I have a patch that prevents the ndbd (and hence cluster) crash as well as mysqld from crashing.

The bank test still doesn't seem to go too well, so there are probably other bugs (there are also still valgrind warnings).

Since I am no expert on suma, i'm wanting to discuss the patch before checking anything in.
[27 Jun 2005 7:29] Bugs System
A patch for this bug has been committed. After review, it may
be pushed to the relevant source trees for release in the next
version. You can access the patch from:

  http://lists.mysql.com/internals/26431
[27 Jun 2005 12:44] Stewart Smith
Tomas believe that ignoring the error is ignoring the symptom of a larger problem, and that if we do get this signal, it is because something is seriously wrong somewhere else (quite possibly corrupted in bad ways) and we really should not continue.

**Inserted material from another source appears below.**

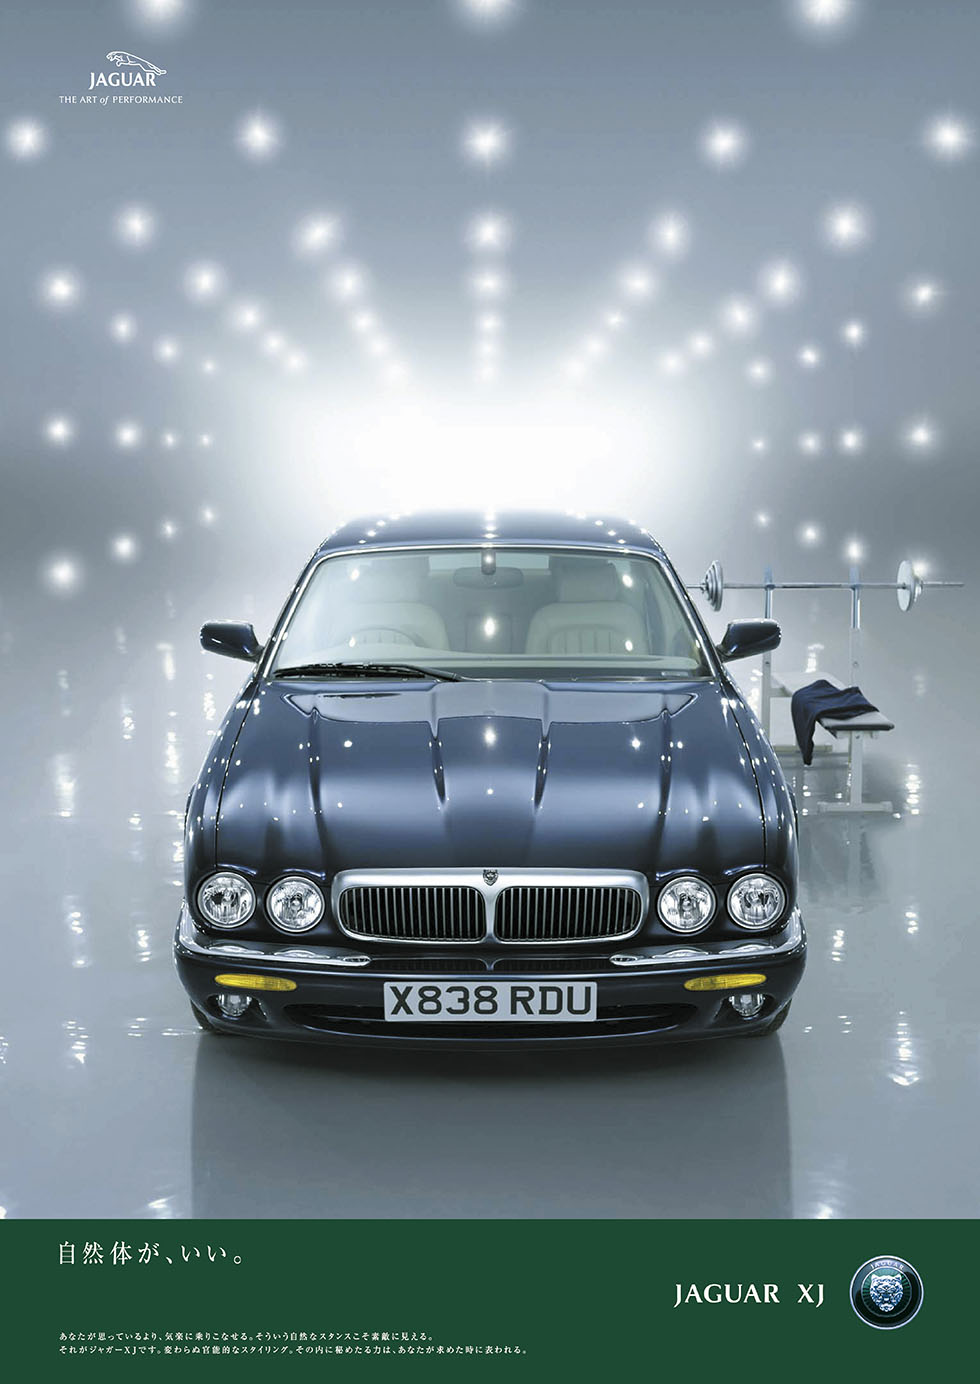 Jaguar Japan「Jaguar XJ 」企画・撮影、ポスター広告デザイン キャッチコピーは「自然体が、いい。」

Currently looking for the api source of the problem.
[6 Jul 2005 2:26] Stewart Smith
Can no longer repeat with latest BK plus
bk commit - 5.1 tree (stewart:1.1984) WL#2325

which seemed to fix things up on ppc.
[14 Jul 2005 7:35] Bugs System
A patch for this bug has been committed. After review, it may
be pushed to the relevant source trees for release in the next
version. You can access the patch from:

  http://lists.mysql.com/internals/27048
[22 Jul 2005 12:07] Stewart Smith
Pushed to 4.0.26, 5.0.11. Can only reproduce with cluster replication though (5.1).
[22 Jul 2005 12:32] Stewart Smith
Clarification: only the second patch was pushed. First one deemed inadequate.